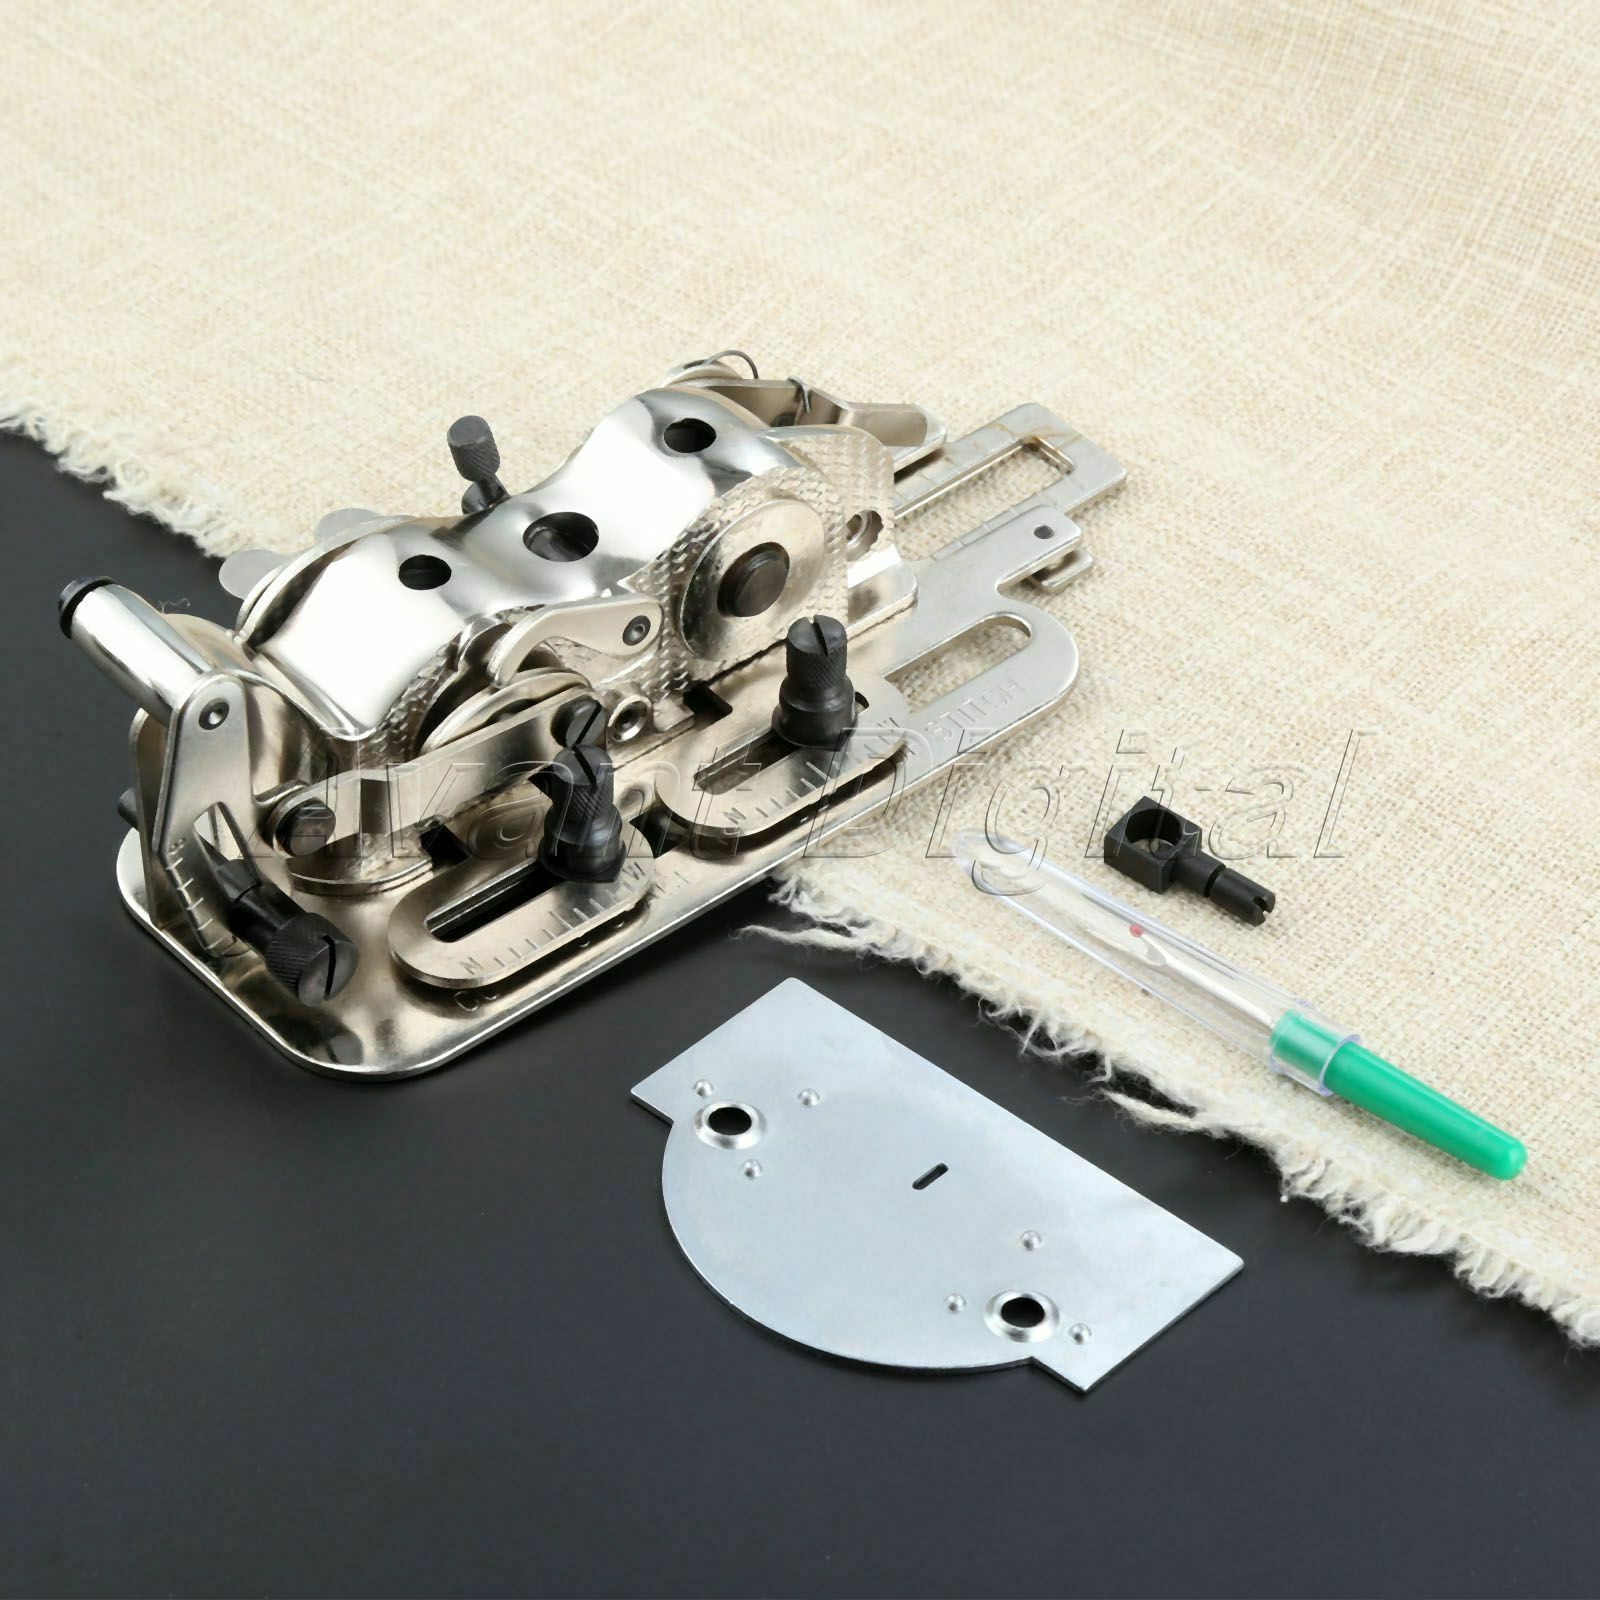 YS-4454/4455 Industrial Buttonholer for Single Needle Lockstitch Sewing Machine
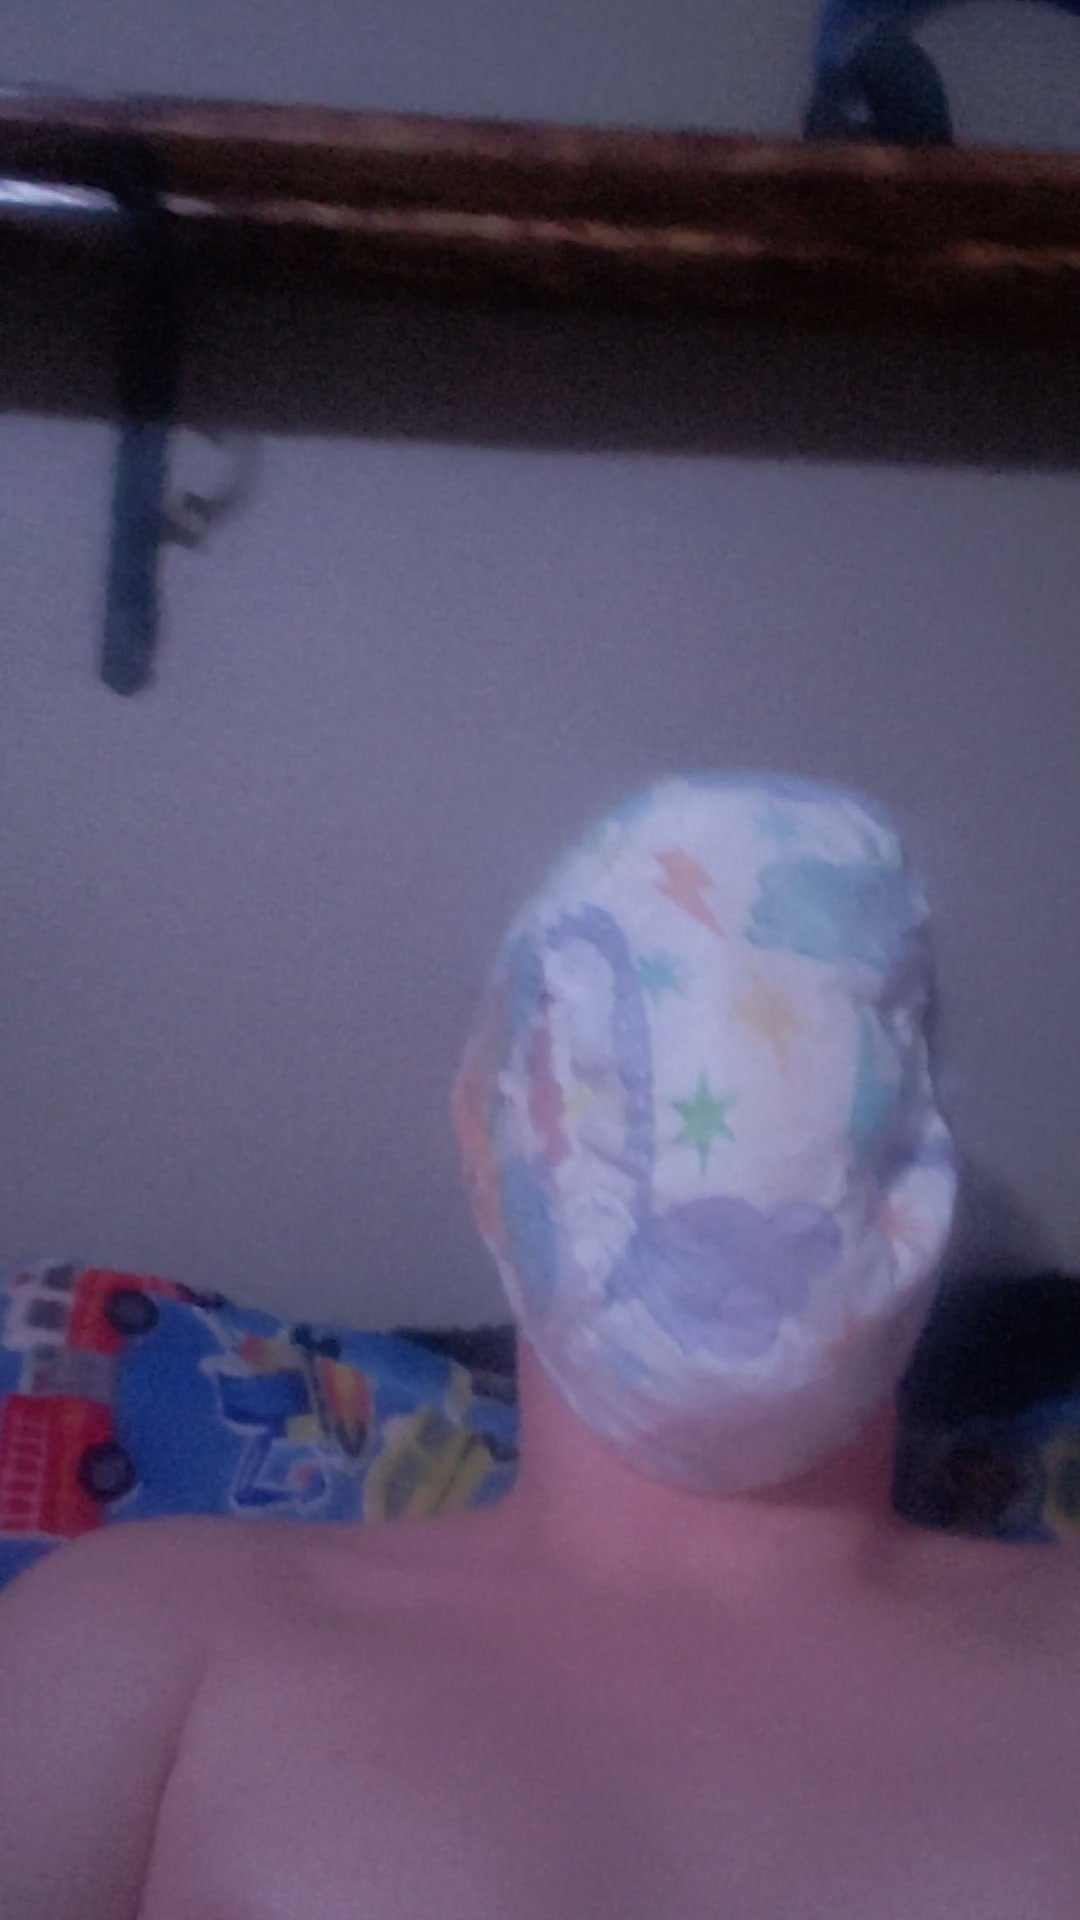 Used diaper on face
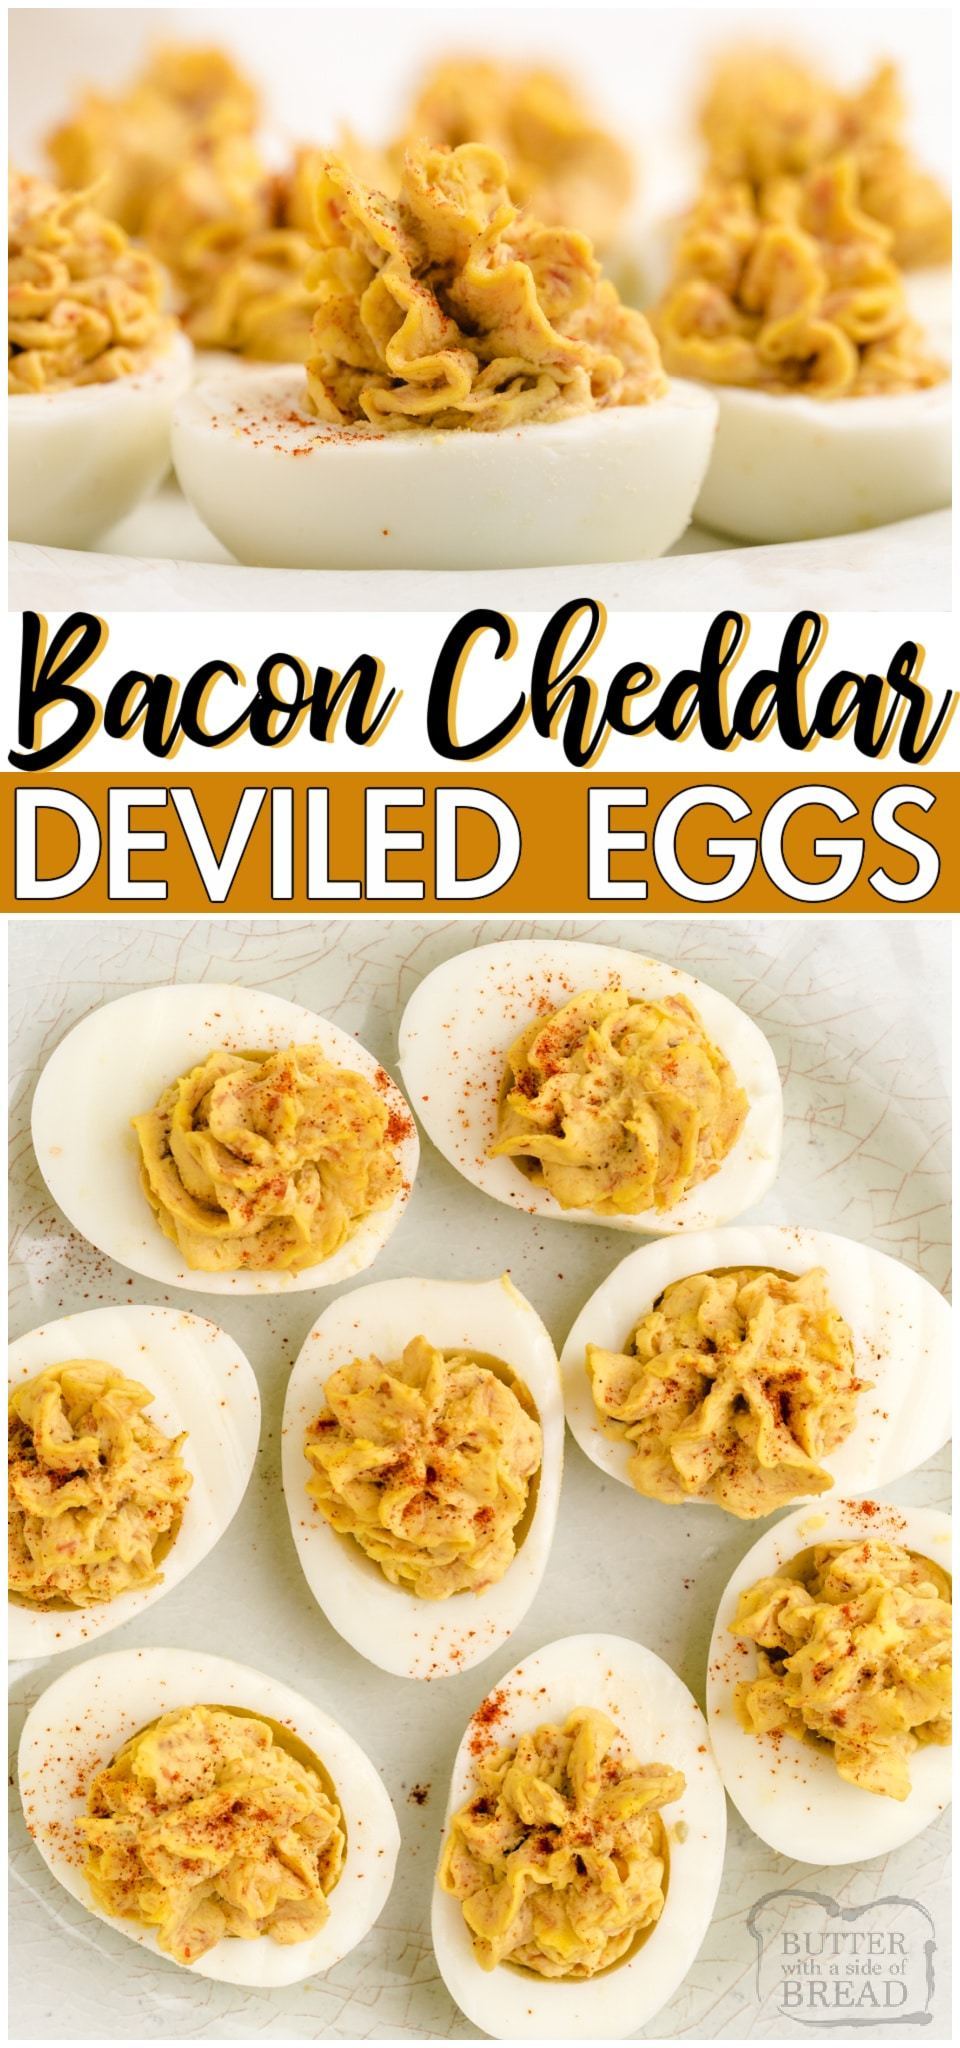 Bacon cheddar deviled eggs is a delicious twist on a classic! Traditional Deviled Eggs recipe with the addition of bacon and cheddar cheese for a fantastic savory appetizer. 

Work order: Write out exactly the lines from the line containing "Used diaper on face" through the last line of the listing above, please, and leave out any pictures.

Written answer:
 Used diaper on face
 Bacon cheddar deviled eggs is a delicious twist on a classic! Traditional Deviled Eggs recipe with the addition of bacon and cheddar cheese for a fantastic savory appetizer. 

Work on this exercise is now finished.